Indeed, I think you misunderstand the purpose of a
spam-trap. A
spam-trap is an account that receives no legitimate mail--it
must use an
email address that has never been used for any legitimate
purpose, nor
ever been advertised in any way that would invite people to
send
legitimate mail to it. It may not even have been advertised
at all;
thanks to dictionary attacks, spammers doing address probes
will
discover addresses like "asdfghjk example.com"
eventually without any
help, as long as that address appears to accept mail.
The point feature of a spam-trap, though, is that by its
careful design,
everything it receives is by definition
"unsolicited," so there's no
need to do any analysis of the mail--not for viruses, not
spam, not for
banned attachments or bad headers.

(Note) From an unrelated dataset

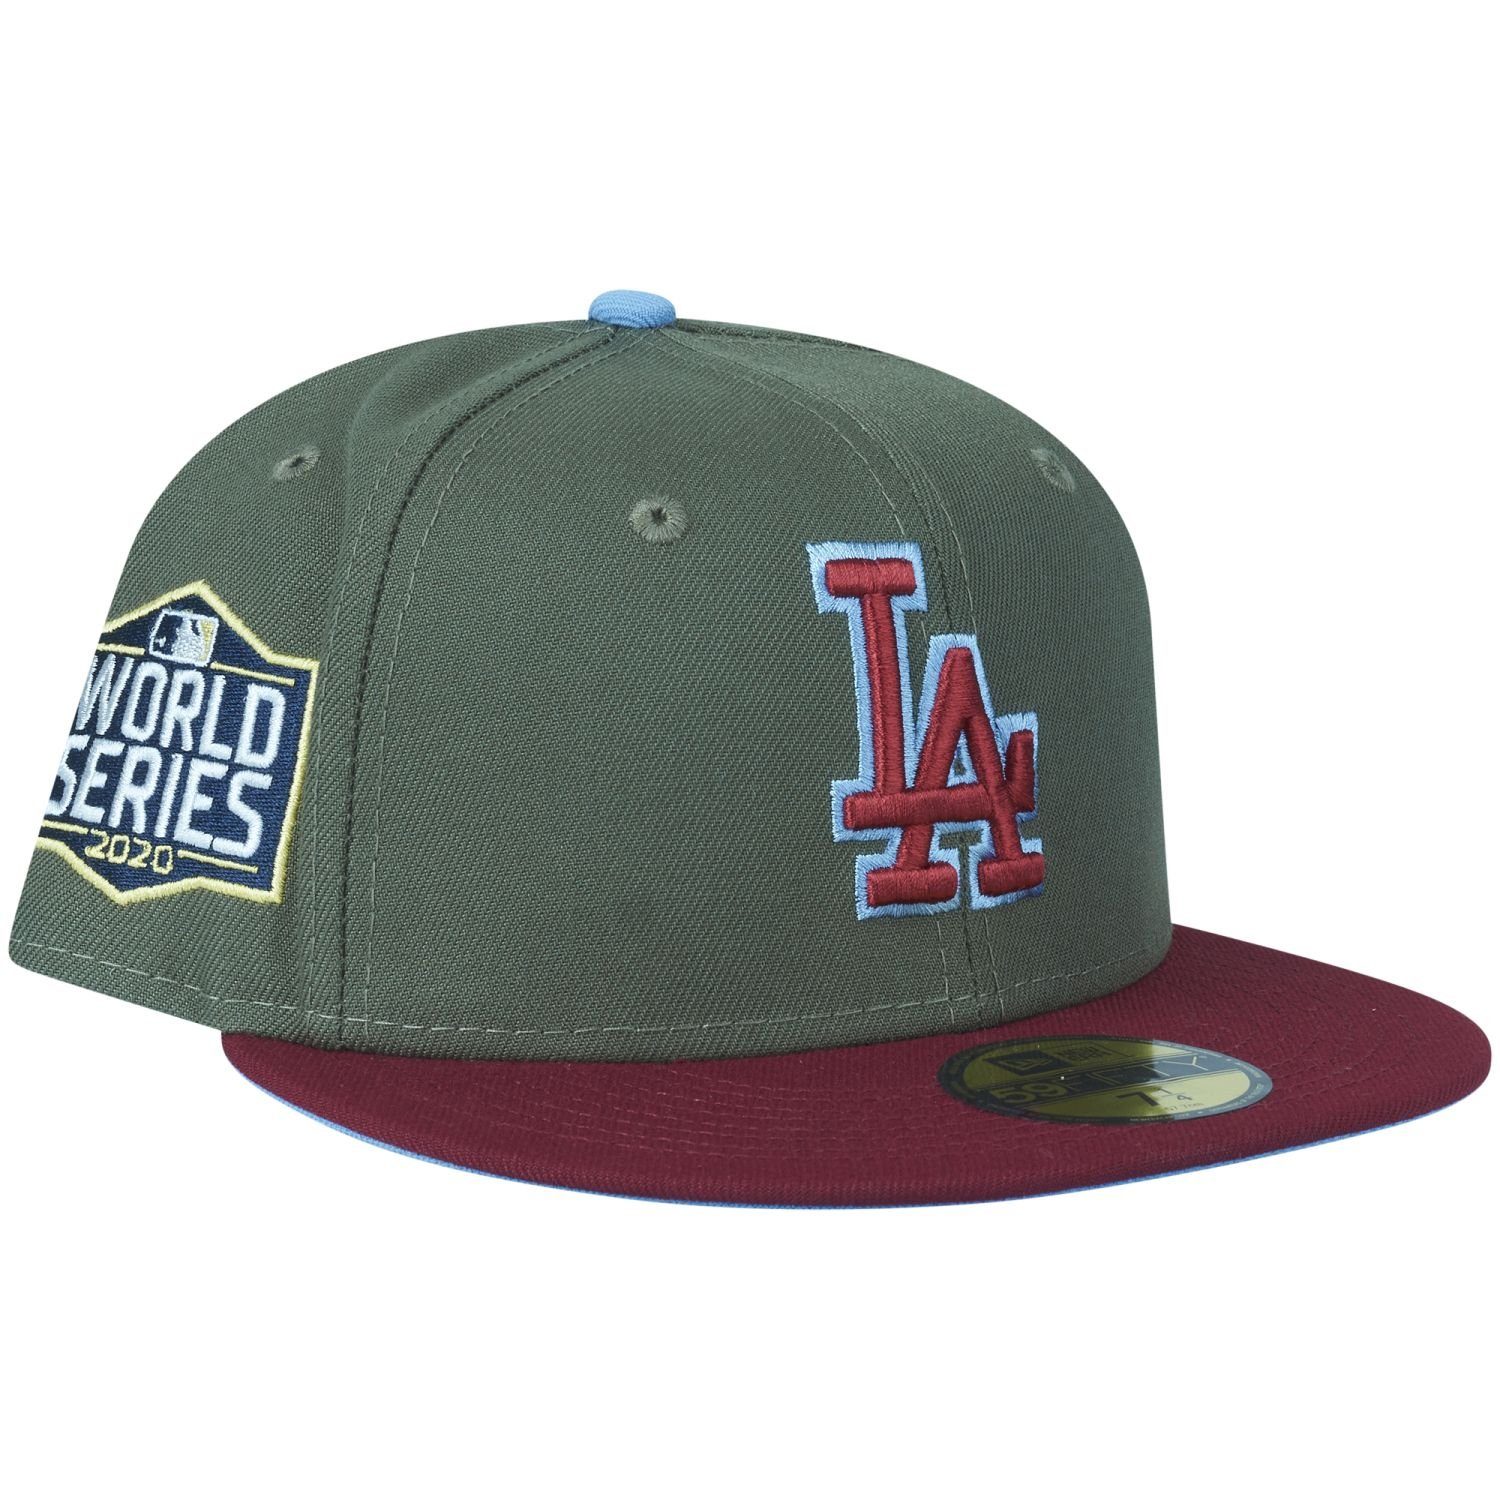 New Era Fitted Cap 59Fifty WORLD SERIES 2020 LA Dodgers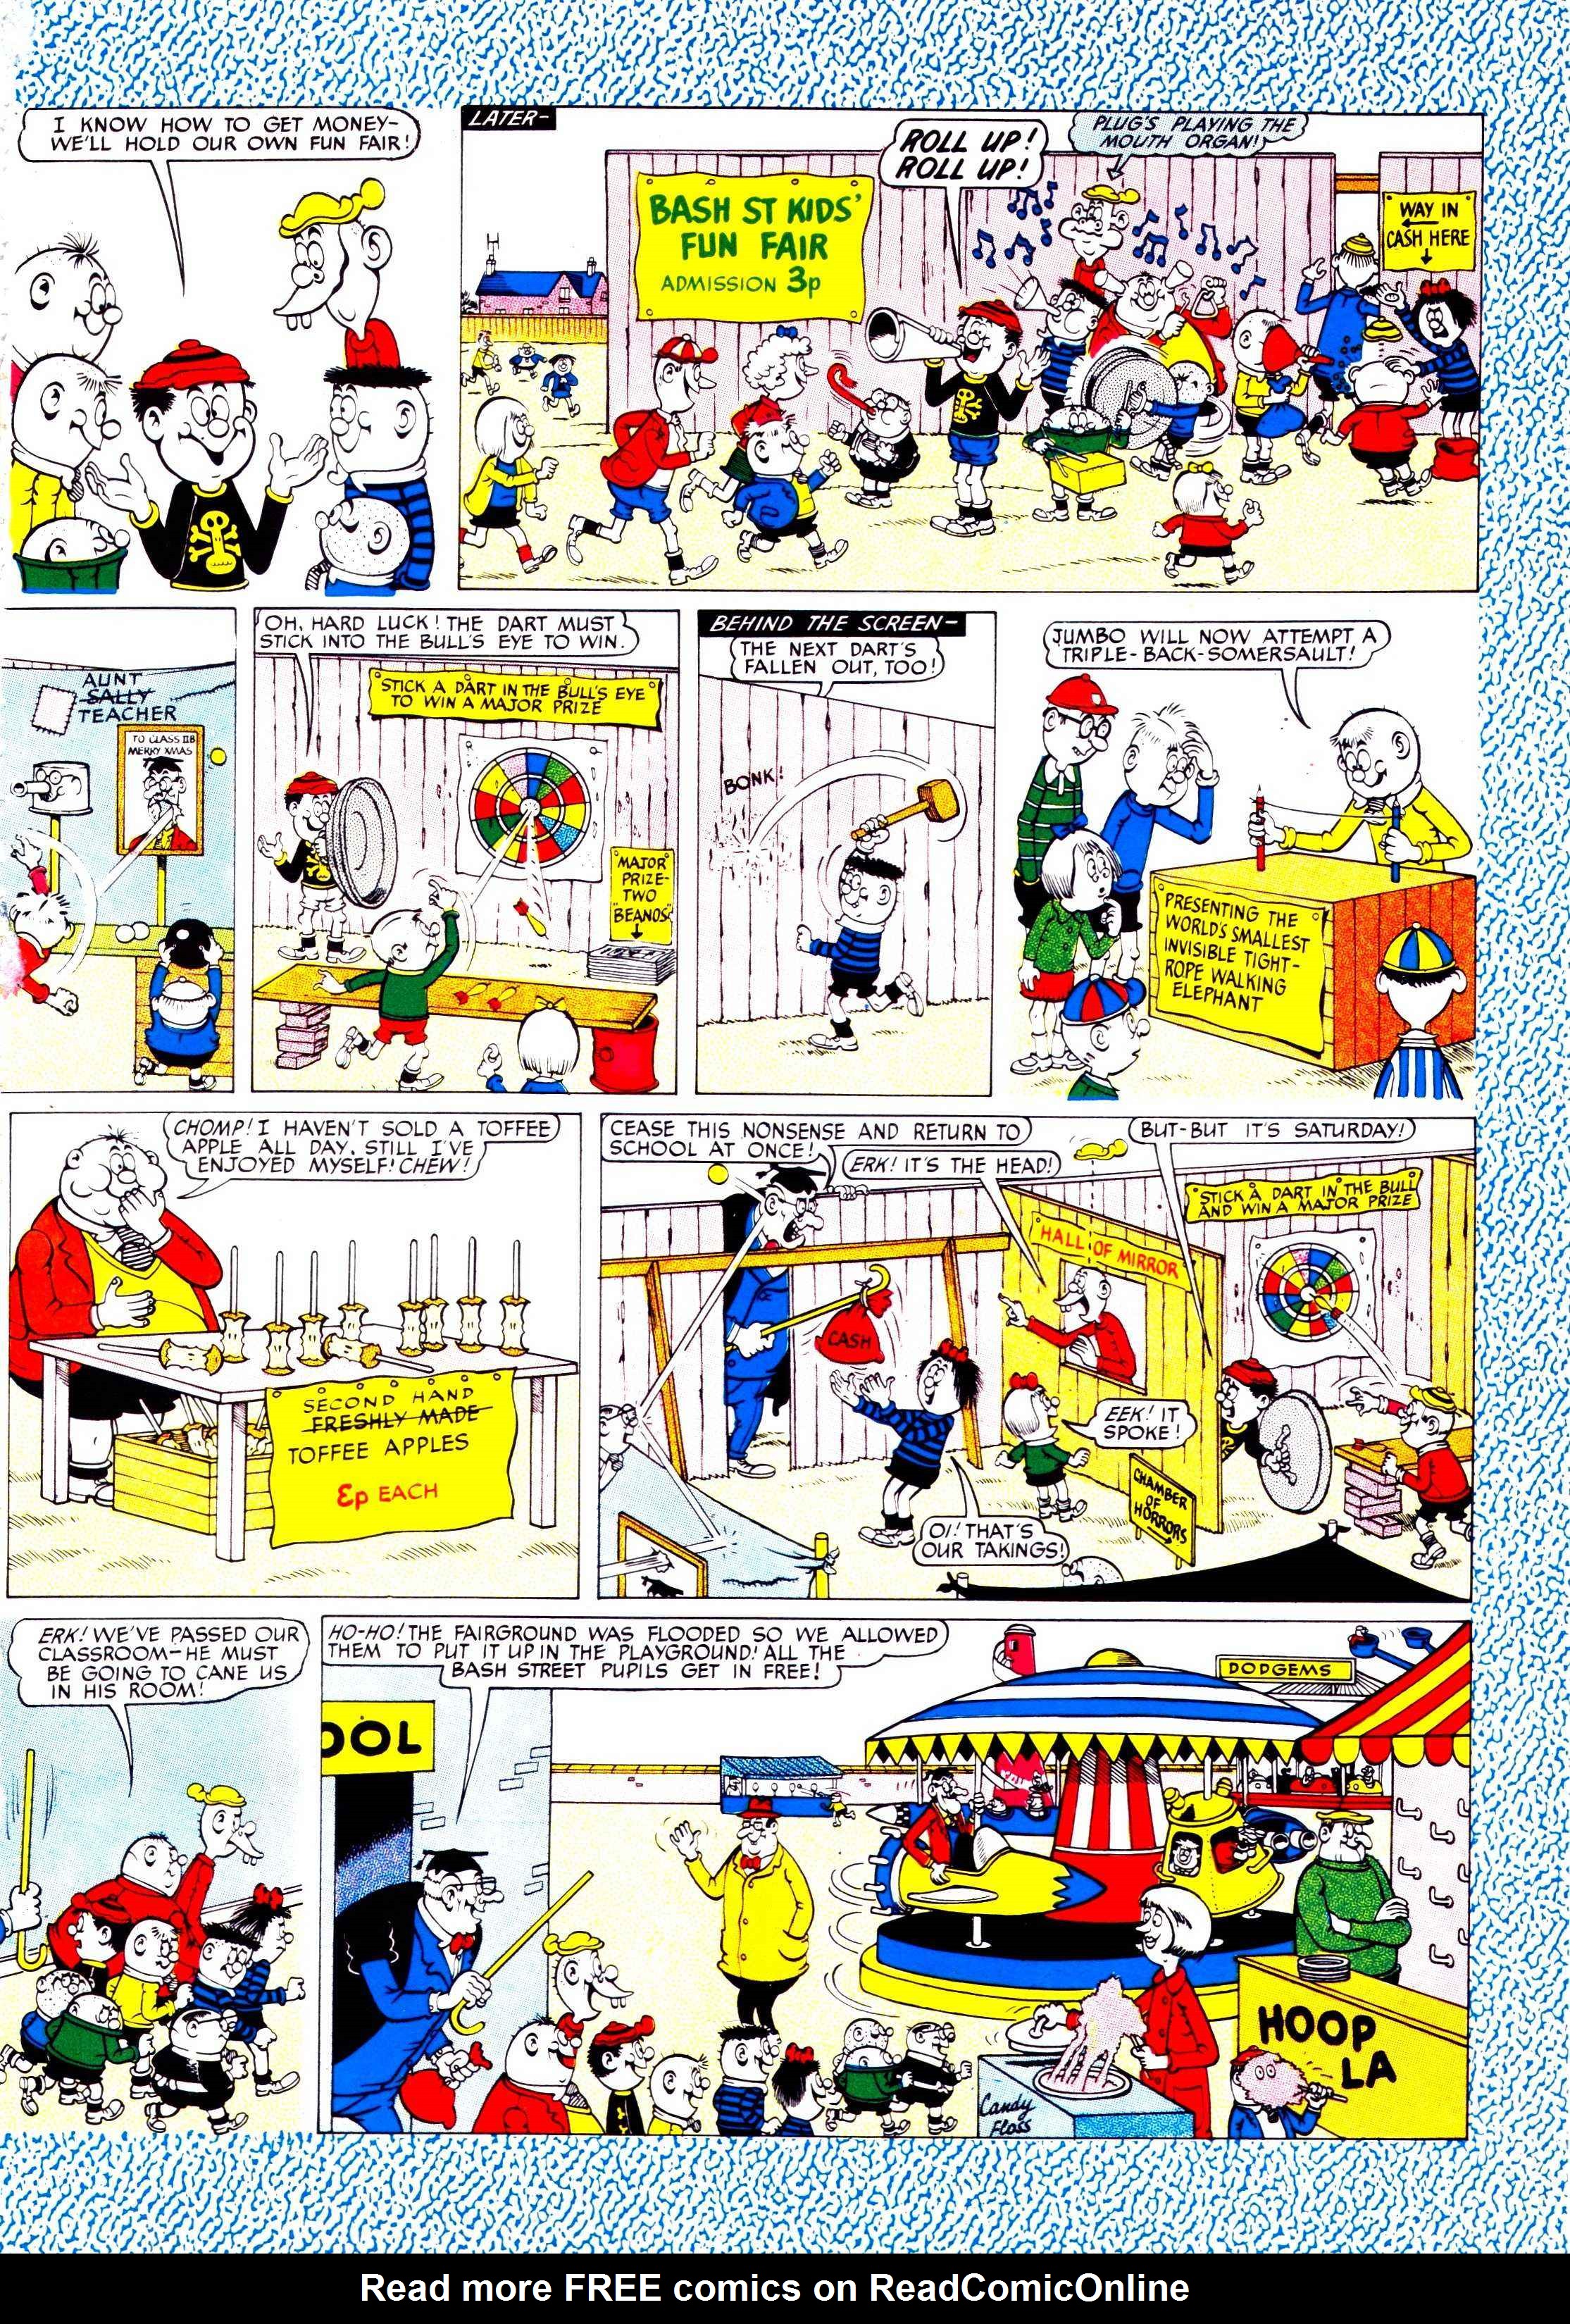 Read online Bash Street Kids comic -  Issue #1982 - 87

Everything it receives
is
automatically classified as "confirmed spam," so
no additional resources
are required to deal with it.
Spam-traps are useful mainly as a means of gathering spam
samples for
Bayes training and reporting to collaborative networks like
Razor,
Pyzor, DCC, and SpamCop. Spam samples gathered this way are
generally
considered to be "more provably" spam, given the
design of the spam-trap
address mechanism, so such evidence is more likely to be
accepted with
confidence by DNSBLs and other authorities.
As David points out, spam-traps are /not/
"spam-reporting" addresses,
and should never be used that way. The main problem is that
mail
forwarding/redirecting modifies the mail headers in the
process, so the
evidence that gets submitted for Bayes training and spam
reporting is
tainted with information from the forwarder. Eventually
your Bayes
database starts recognizing the forwarders' mail as spam,
and if you've
been reporting this stuff to Razor/Pyzor/DCC/SpamCop, others
around the
world will eventually start doing the same.
Using a "spam-reporting" address for reporting
false negatives is a
tricky business. To do it properly, you need to ensure that
the
original email is not modified in any way. Encapsulating it
as an
attachment is one way to do this, but it of course requires
that a
process at the receiving end know to unpack the attachment.
This also
requires that all of your submitters know to do the
encapsulating
properly, and that they never forget to do so.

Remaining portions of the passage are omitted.